In a broader perspective the control of infectious diseases can be considered a global public good. But can the same be said for noncommunicable diseases? Are noncommunicable diseases primarily private rather than public goods? Or in this era of globalization, have health circumstance so changed that the customary balance between public and private health is shifting? In other words, can global health rather than a group of transmittable diseases be considered more a public than a private good? And if so, what are the implications for global health? How would such thinking affect international health cooperation and global health governance?
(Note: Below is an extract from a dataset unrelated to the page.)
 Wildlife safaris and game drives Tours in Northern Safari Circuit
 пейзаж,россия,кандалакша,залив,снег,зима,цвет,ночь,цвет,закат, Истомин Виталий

The dividing line between public and private among these diseases is traditionally believed to be rather clear-cut. Because of externalities, the control of communicable diseases is a public good, but treatment for noncommunicable diseases and injury is mostly private.
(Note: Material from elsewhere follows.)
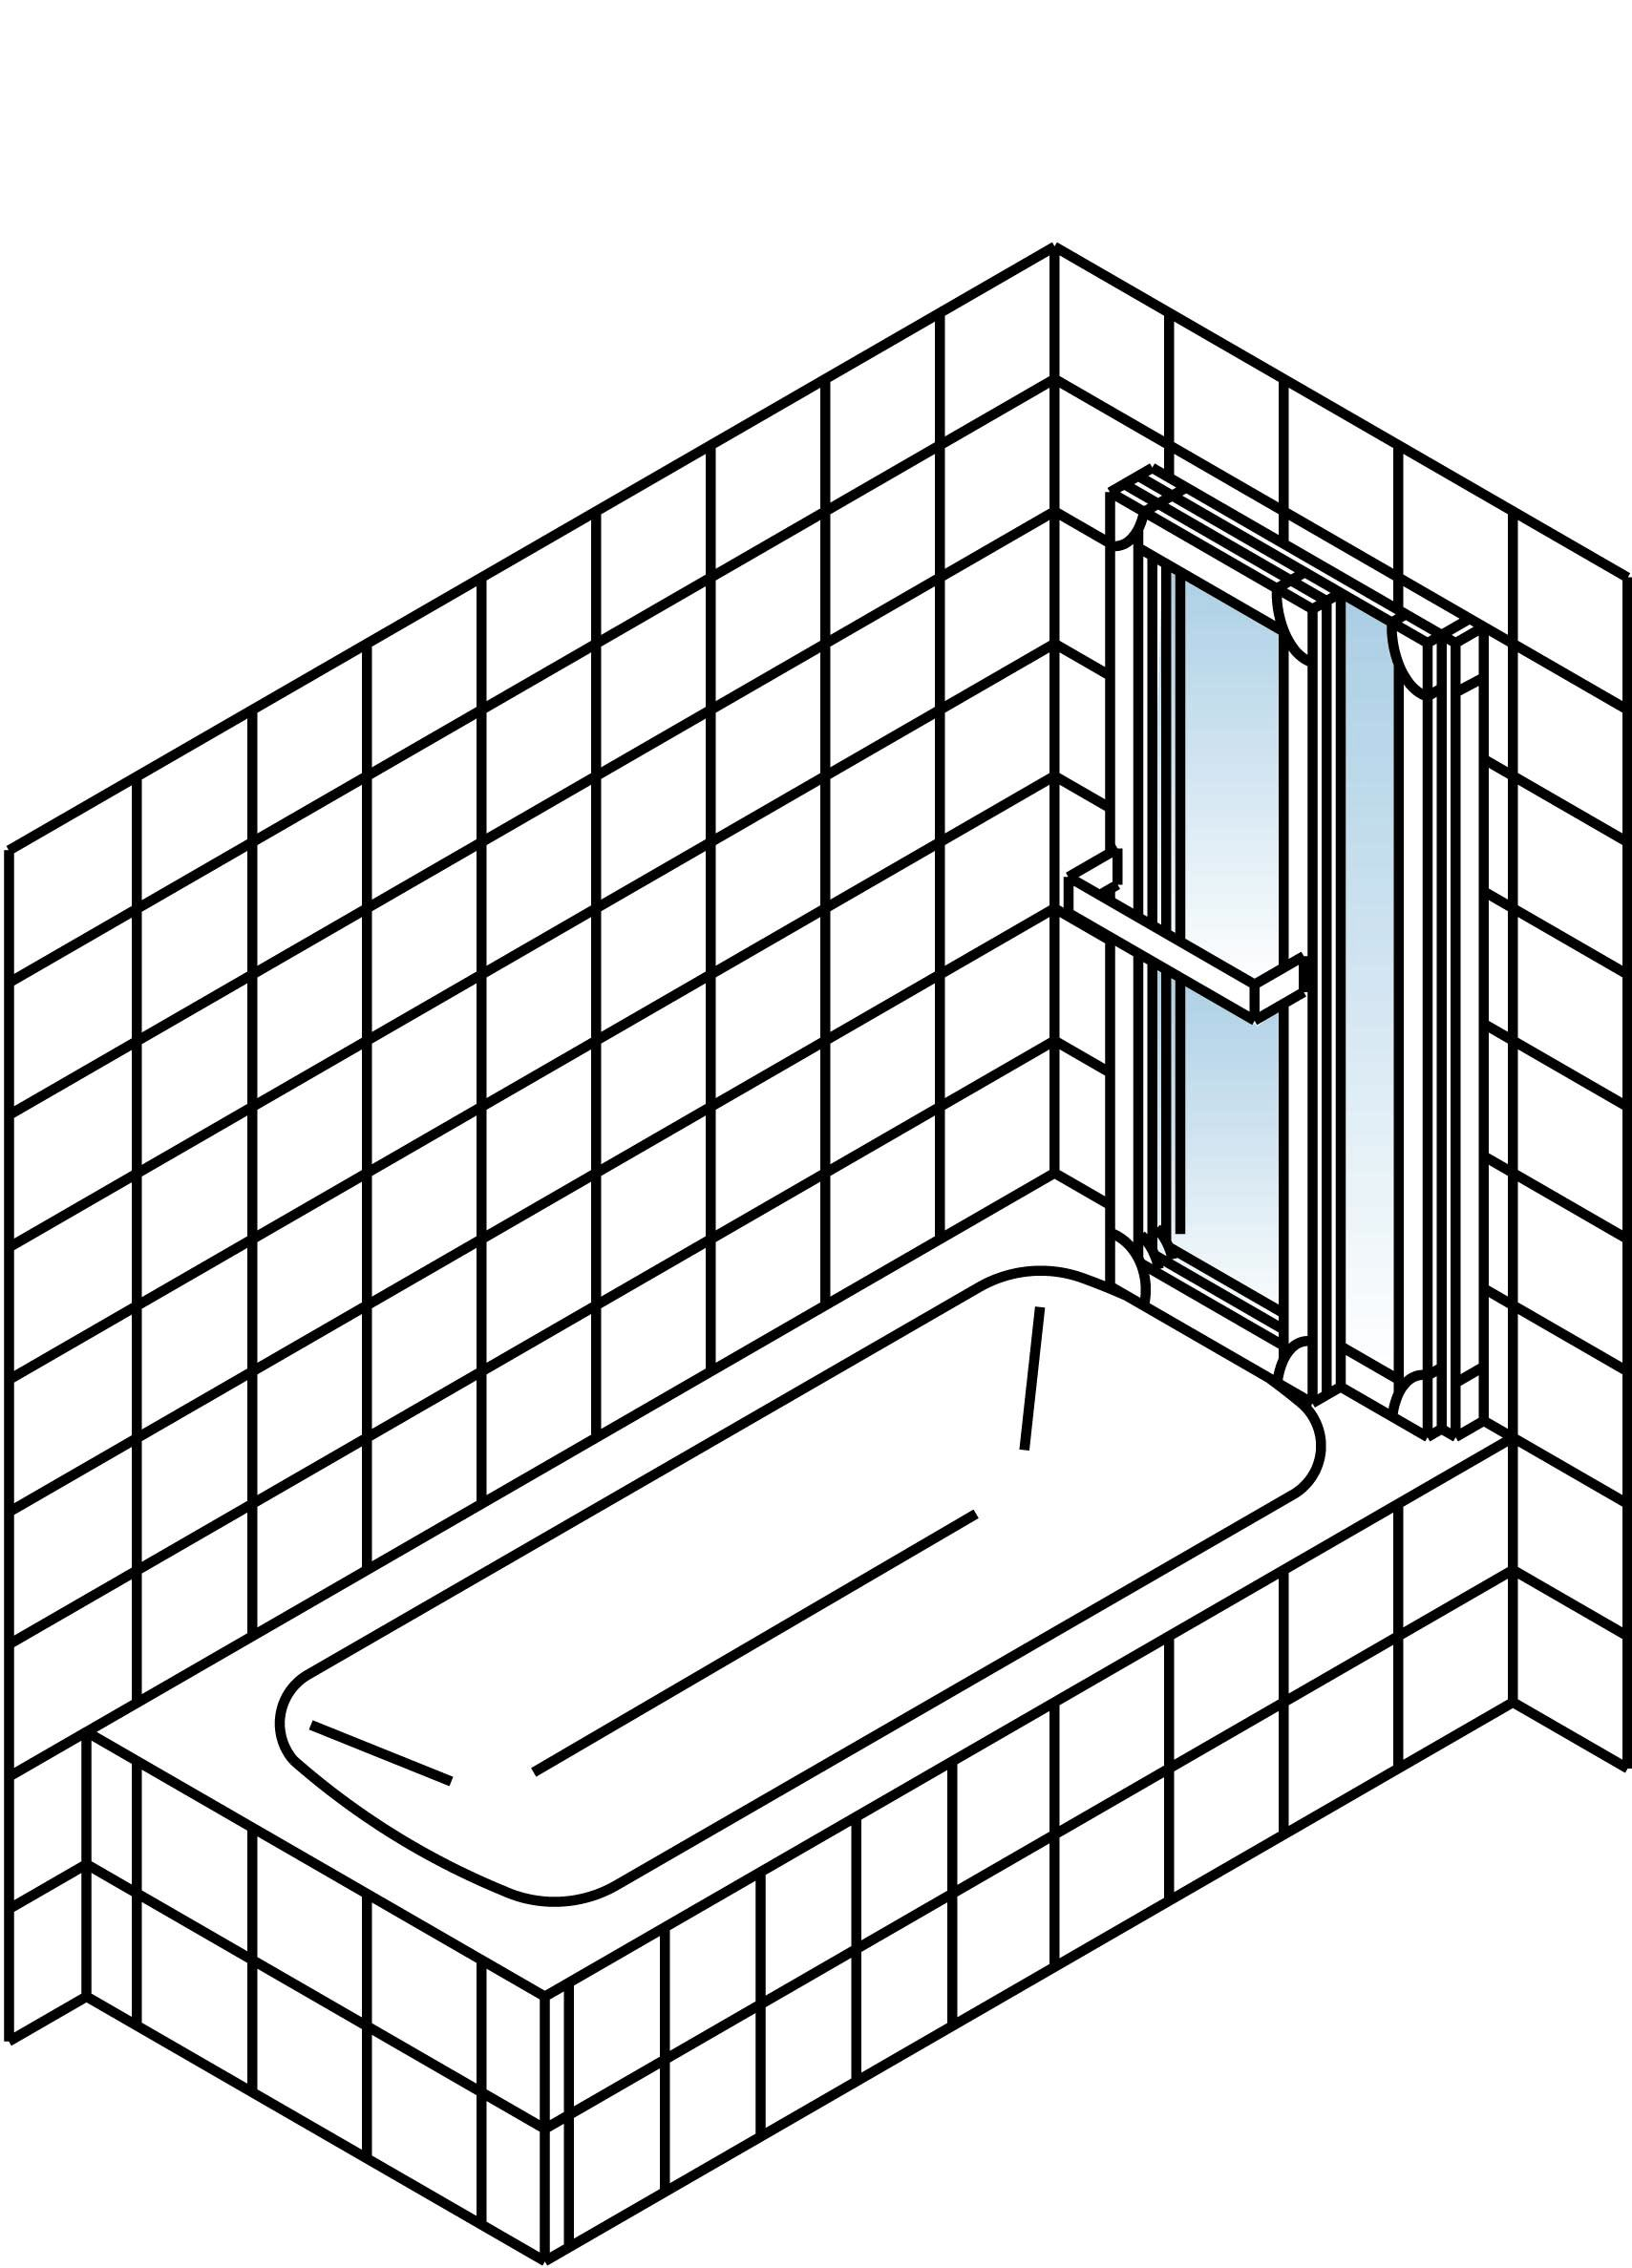 schulte komfort badewannenfaltwand 3 teilig klar hell alunatur 1518mm d1410 01 50 rechts. Black Bedroom Furniture Sets. Home Design Ideas

In the mid 1970’s, the scientific community first became aware of an illness that was striking predominantly adults in various parts of the world. Those affected by the disease would gradually waste away and not respond well if treated for common illnesses. But it was not until the early 1980’s that this syndrome was identified as the Acquired Immune Deficiency Syndrome (AIDS), the final and fatal stage of infection with the human immunodeficiency virus (HIV). Now, barely a decade later, the AIDS epidemic has reached global proportions. The World Health Organization (WHO) estimates that in 1991, there were nine million adults and almost one million children worldwide infected with the virus, with over 80 percent of those in developing countries. As the numbers of those infected continues to increase – with the developing world accounting for a growing share – finding a cure, or vaccine, looms as one of the greatest challenges to modern science.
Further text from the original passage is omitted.